THE DATA >>
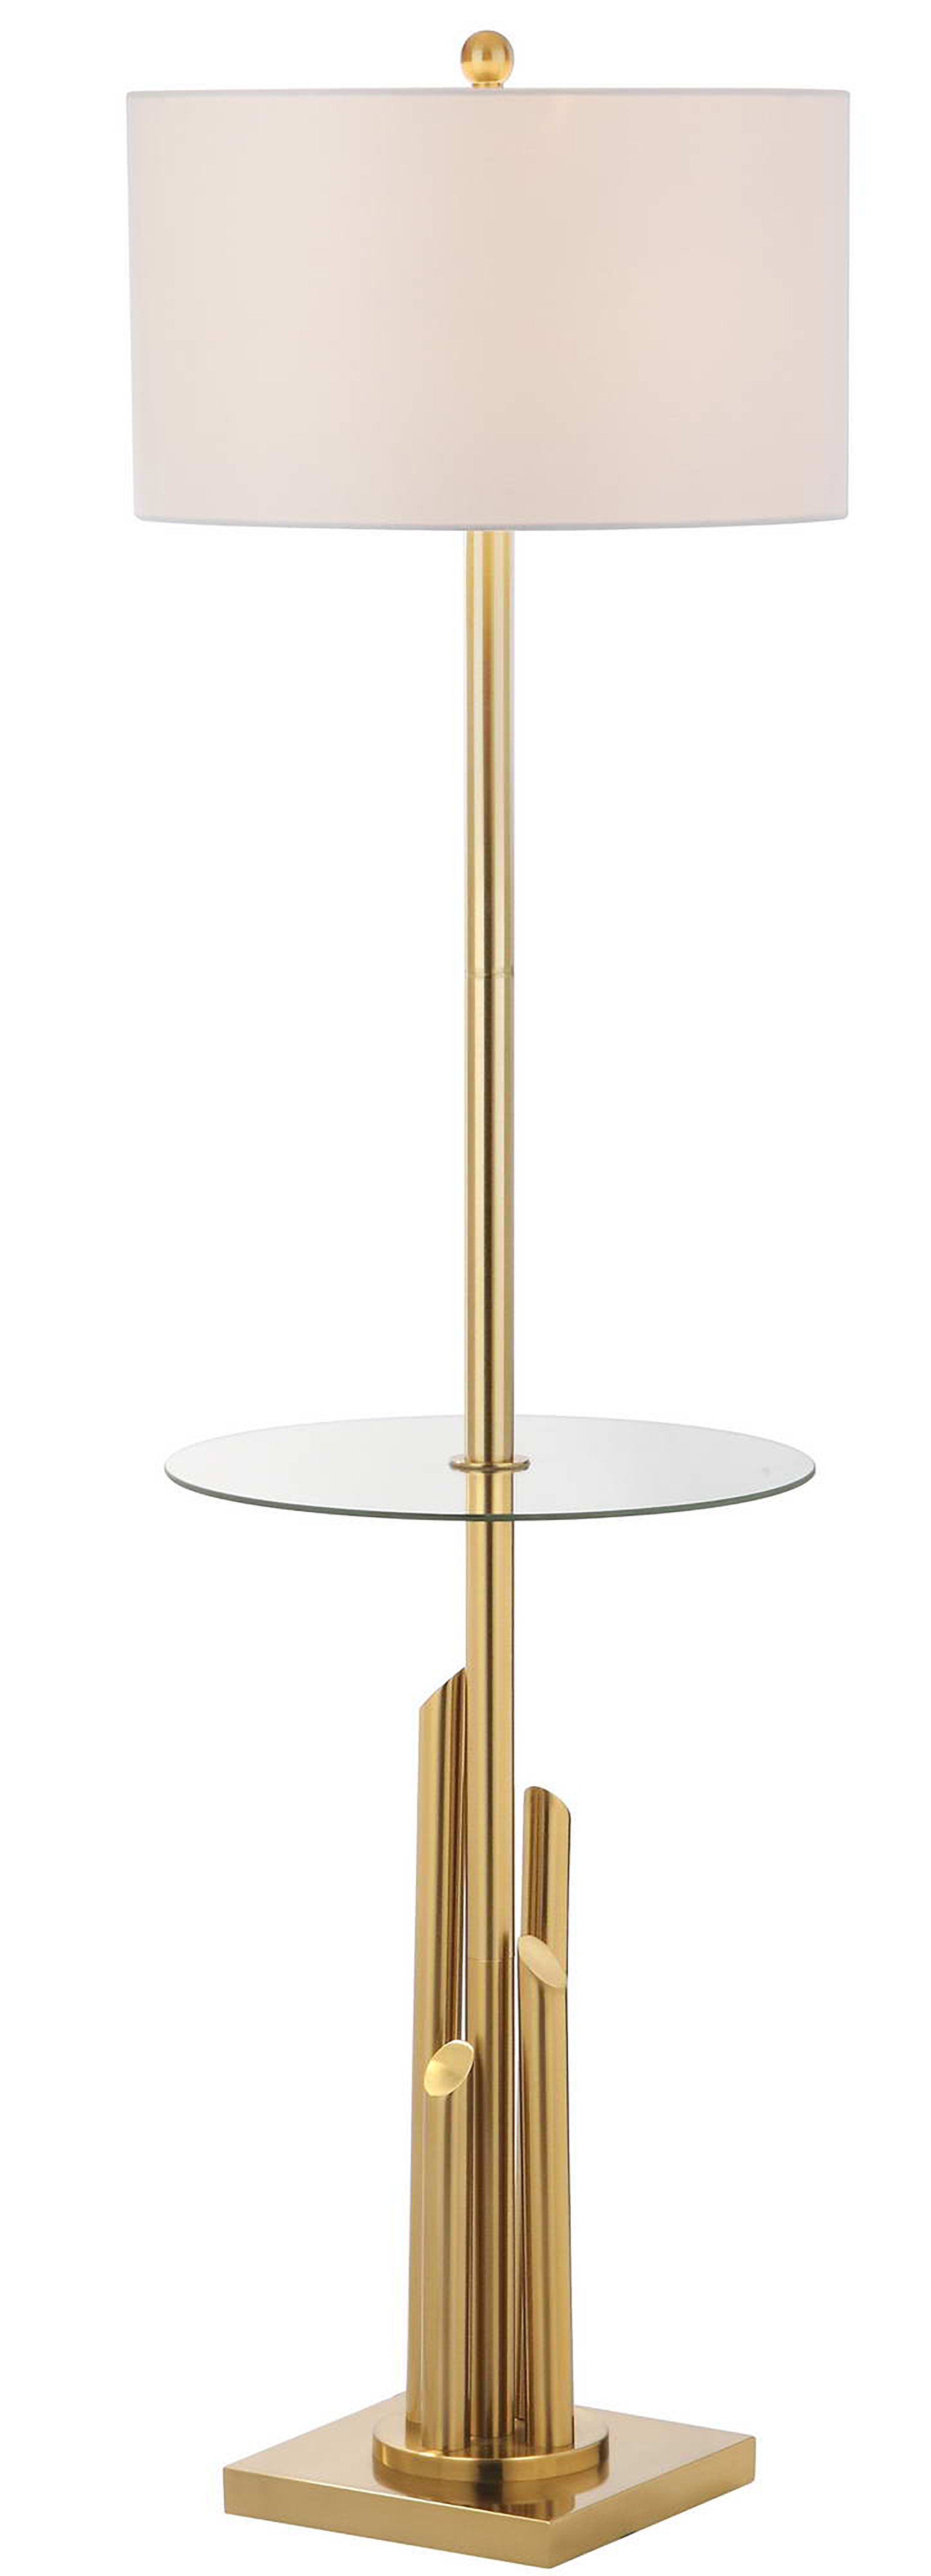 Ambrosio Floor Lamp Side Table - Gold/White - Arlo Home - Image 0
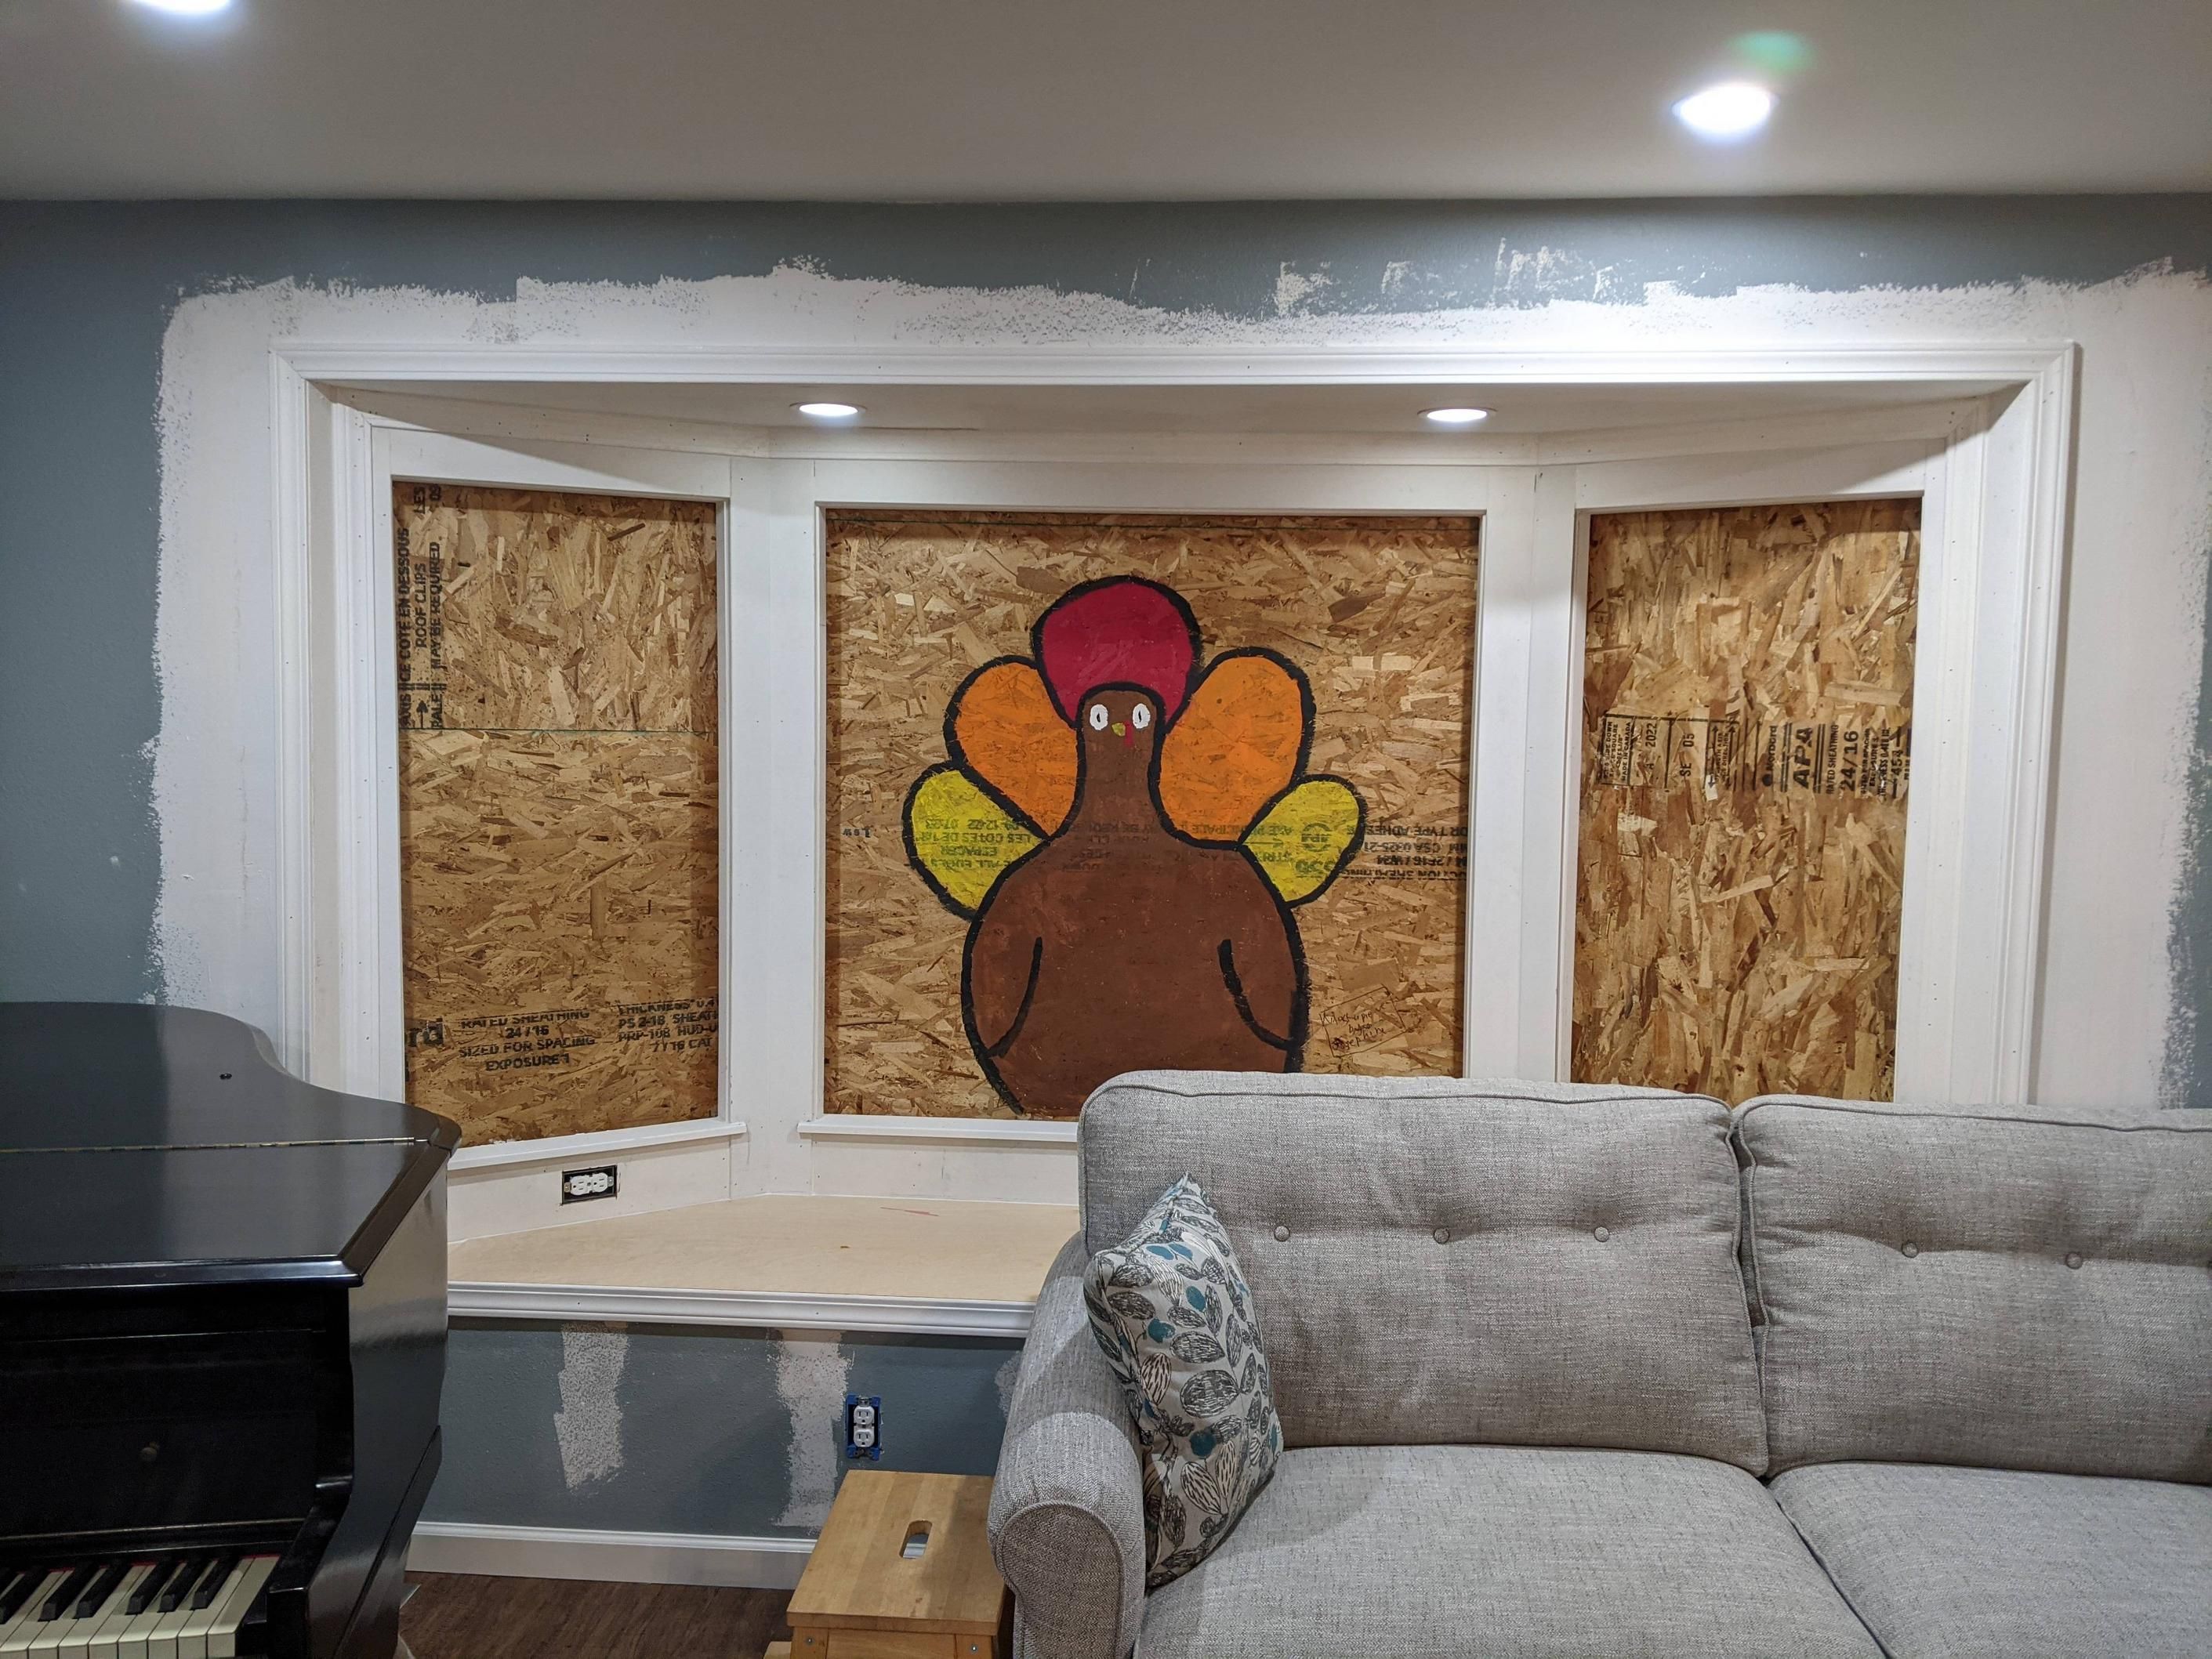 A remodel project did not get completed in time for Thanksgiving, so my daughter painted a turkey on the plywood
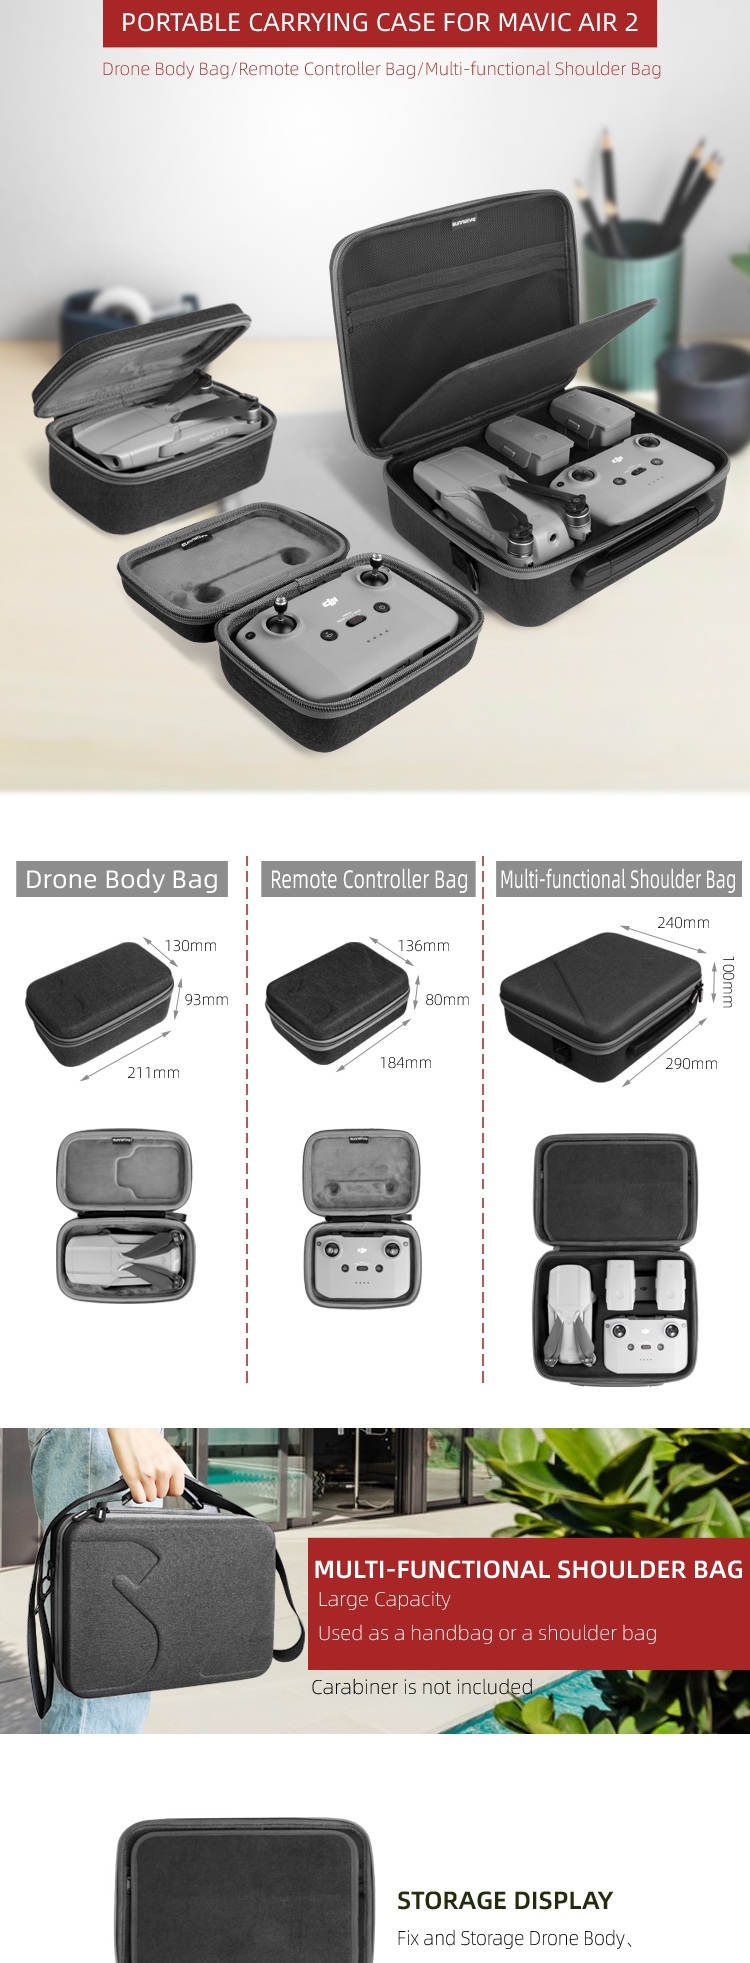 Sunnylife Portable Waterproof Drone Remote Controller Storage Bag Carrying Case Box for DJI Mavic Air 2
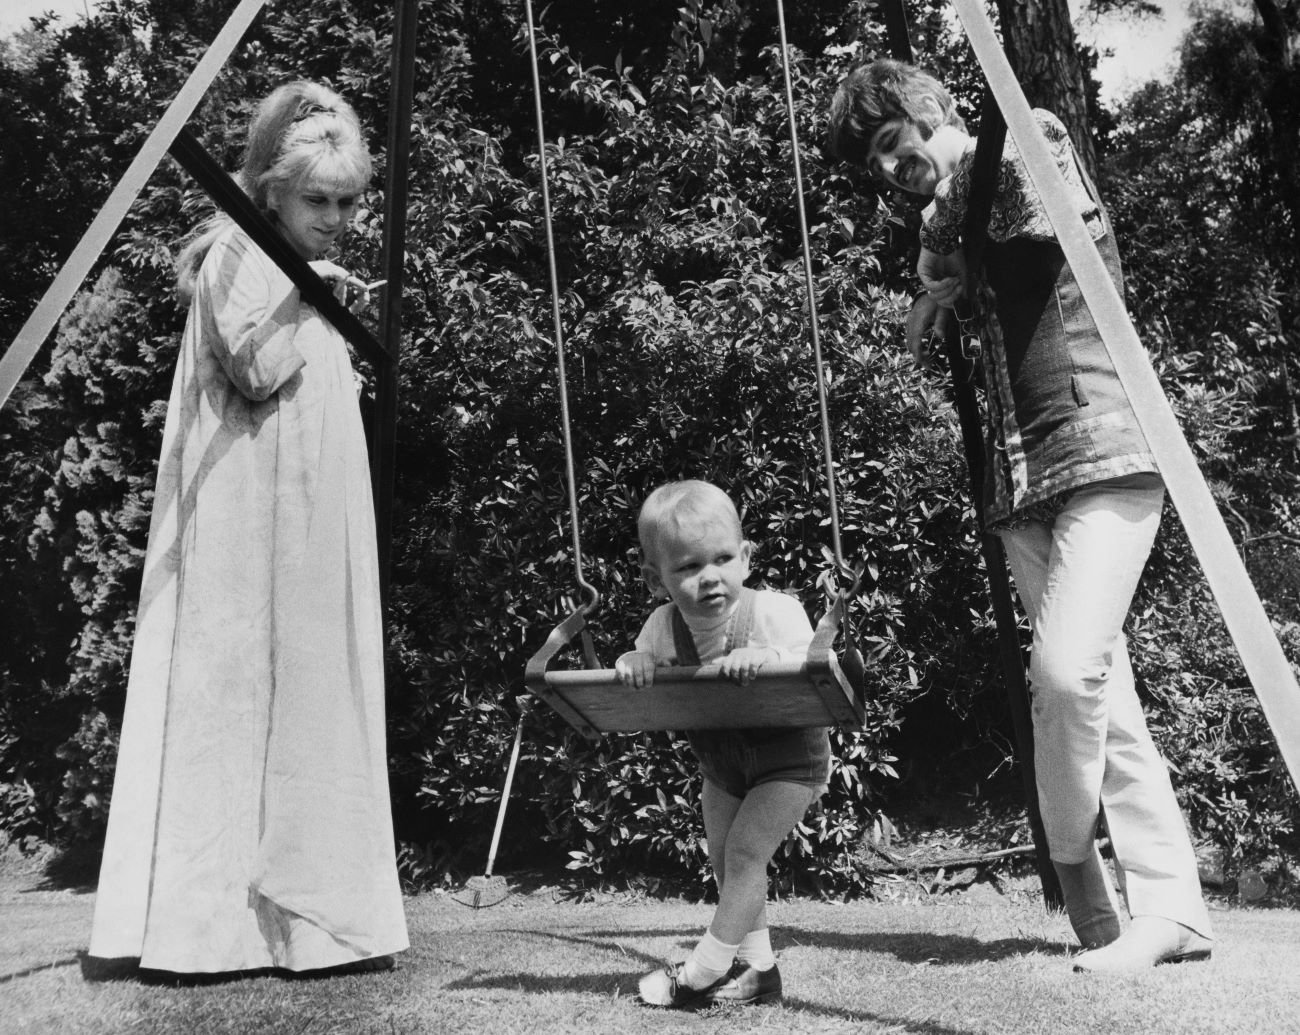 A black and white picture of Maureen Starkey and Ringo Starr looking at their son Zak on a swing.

ASSIGNMENT >> Repeat the full listing above exactly, with no pictures in the copy.

OUTPUT FOR THIS EXERCISE >>
 Ambrosio Floor Lamp Side Table - Gold/White - Arlo Home - Image 0
 A remodel project did not get completed in time for Thanksgiving, so my daughter painted a turkey on the plywood
 Sunnylife Portable Waterproof Drone Remote Controller Storage Bag Carrying Case Box for DJI Mavic Air 2
 A black and white picture of Maureen Starkey and Ringo Starr looking at their son Zak on a swing.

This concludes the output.